No Brasil, segundo a lei das Sociedades Anônimas (lei 6.404, artigo 202), as sociedades anônimas devem estabelecer um dividendo mínimo obrigatório não inferior a 25%, havendo a possibilidade da distribuição de dividendos em quantia inferior ou até nula dadas algumas condições. A questão é: qual é real efeito dessa regulação?
Em artigo publicado no Journal of Corporate
Finance, Theo Cotrim Martins e Walter Novaes analisaram essa questão para o
mercado brasileiro entre 2005 e 2009. Essa discussão está no contexto das leis
que protegem o acionista minoritário e a ligação desse tema com o
desenvolvimento financeiro do país. O dividendo mínimo obrigatório impediria
que os acionistas controladores deixassem de pagar dividendos para utilizar os
recursos como bem entendessem, mas pode ter o efeito negativo de reduzir os
recursos livres para serem investidos. Apenas cinco países adotam essa regra,
Chile, Colômbia, Grécia e Venezuela, além do Brasil.
Como mencionado, as sociedades anônimas brasileiras
precisam pagar 25% do lucro em dividendos, mas há maneiras legais de pagar
menos dividendos. Uma delas é através da constituição de reservas. Os autores
interpretaram isso como uma manobra, mas esse também é um ponto obrigatório
pela mesma lei 6.404 (artigo 193). A sociedade deve provisionar 5% do lucro
líquido, antes de qualquer outra destinação, em reservas legais, que não podem
exceder 20% do capital social. Logo, empresas com reservas legais abaixo de seu
limite devem fazer essa reserva. O dividendo mínimo obrigatório é pago em cima
do lucro após reserva legal, de forma que o mínimo passaria a 23,75% nesse caso
(ou seja, 25% sobre 95% do lucro). Em média, 41,49% das empresas pagaram
dividendos abaixo do obrigatório, mas muito por conta desse fator.

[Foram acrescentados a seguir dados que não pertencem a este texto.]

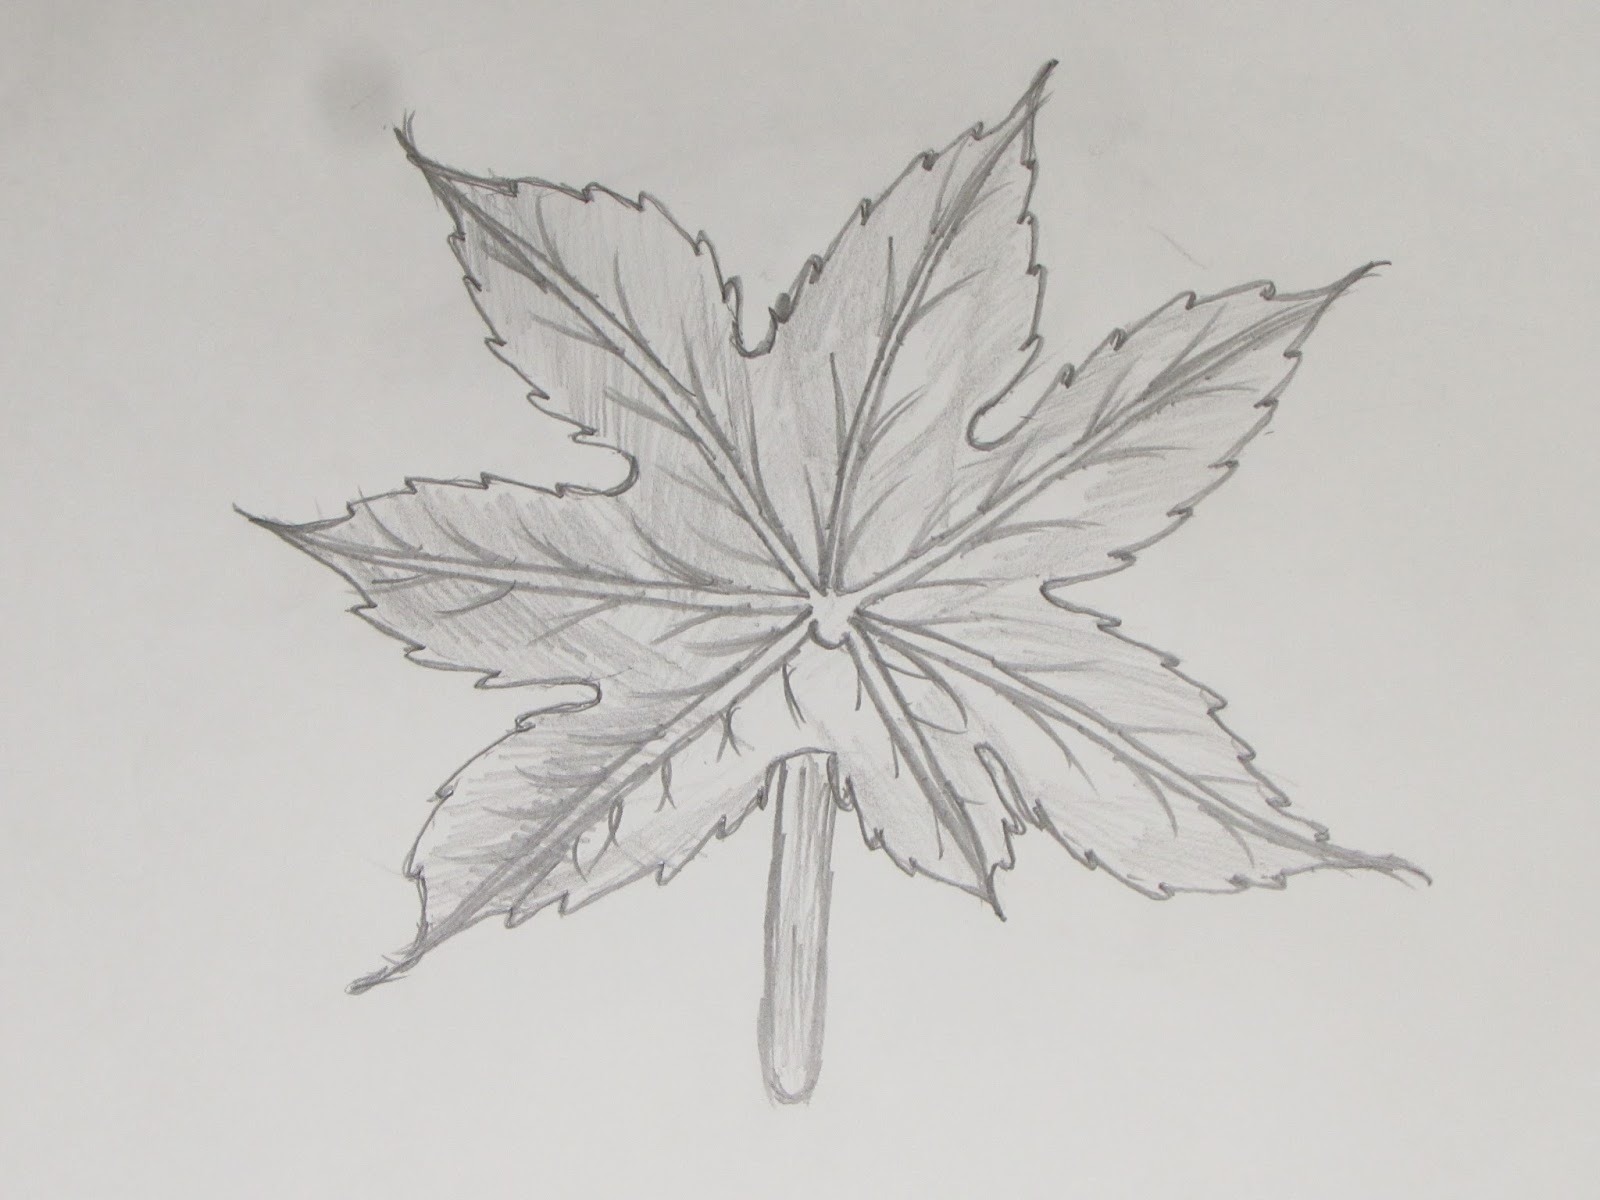 Картинка лист карандашом. Листья карандашом. Листья для срисовки карандашом. Рисунок листьев карандашом. Зарисовки листьев карандашом.

Em média, 21% das empresas lucrativas não pagam
dividendos, aproveitando-se da brecha deixada pela lei para reterem dividendos
se a administração considerar que isso é do interesse da companhia. Porém, o
comportamento não é persistente, justamente pelo artigo 111 da lei das S/As,
que estabelece o direito a voto para as ações preferenciais caso a companhia
não pague dividendos por três anos consecutivos (ou menos, se assim estabelecer
o estatuto), direito que permanece até que a empresa pague cumulativamente os
dividendos devidos.
A atuação da CVM pode coibir a retenção indevida de
dividendos, já que essas situações passam pelo crivo da autarquia e pode
resultar em punições aos administradores caso a retenção seja injustificada.

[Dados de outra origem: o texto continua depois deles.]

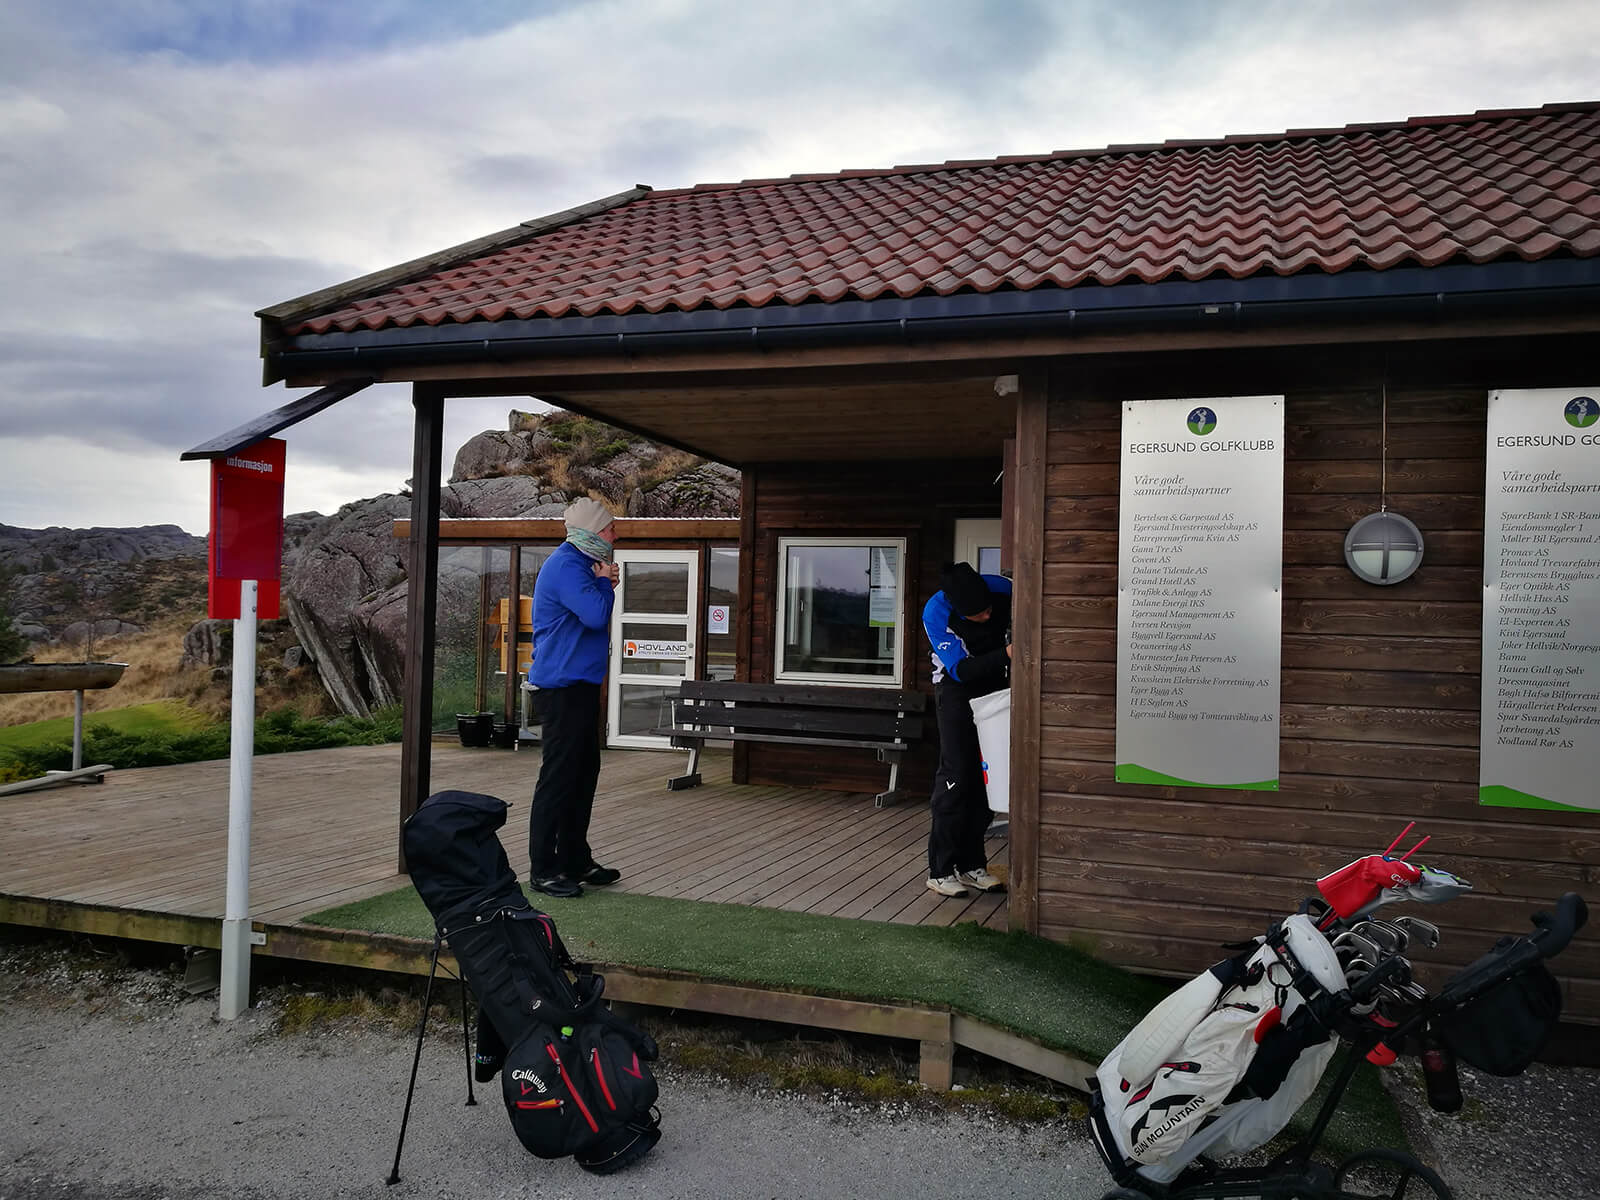 Klubbhuset til Egersung golfklubb med kiosk og en liten proshop

Nesse ponto, há ainda em curso um polêmico (e complexo) caso que envolve a
Eletrobras, que reteve dividendos por décadas e que está sendo alvo de um
processo administrativo na CVM para que pague o que deve.
Dessa forma, as empresas procuram brechas na lei
para distribuir dividendos menores, mas encontram restrições na lei. E qual é o
seu efeito? As empresas de capital aberto no Brasil pagaram, no período de
análise, retorno sobre dividendos de 2,29% contra 1,38% nos Estados Unidos,
onde não há essa regra (me pergunto se não seria melhor comparar com um país
mais parecido com o Brasil). Mesmo estimando que as empresas americanas
recompram mais ações, o retorno seria de apenas 1,9%, ainda abaixo das empresas
brasileiras. Apesar da lei, menos empresas pagam dividendos no Brasil na
comparação com os Estados Unidos, 57% contra 67%. Diferenças no tamanho das
empresas não explica essa diferença de comportamento.
Empresas mais lucrativas são mais propensas a
distribuir dividendos tanto aqui quanto nos Estados Unidos. No Brasil, porém, a
distribuição de dividendos cai mais do que nos Estados Unidos considerando os
grupos com menor rentabilidade.
Outra questão é sobre se os dividendos obrigatórios
reduzem os investimentos das companhias abertas. Para analisar essa questão, os
autores utilizam uma regressão em dois estágios, no primeiro procurando
determinar a probabilidade da empresa pagar dividendos e no segundo utilizando
esse fator para analisar o investimento realizado pela empresa. A conclusão
dessa análise é a de que o pagamento de dividendos não afeta a capacidade de
investimento, logo, a obrigatoriedade de pagamento não parece afetar as
decisões financeiras da empresa.
Dessa forma, a regra brasileira de dividendos
aumenta a distribuição de dividendos para empresas lucrativas, reduziu o
dividendos das empresas menos lucrativas e não mostrou efeito negativo no
investimento corporativo.
Theo Cotrim Martins e Walter Novaes.
Journal of Corporate Finance. Volume 18. Ed. 4.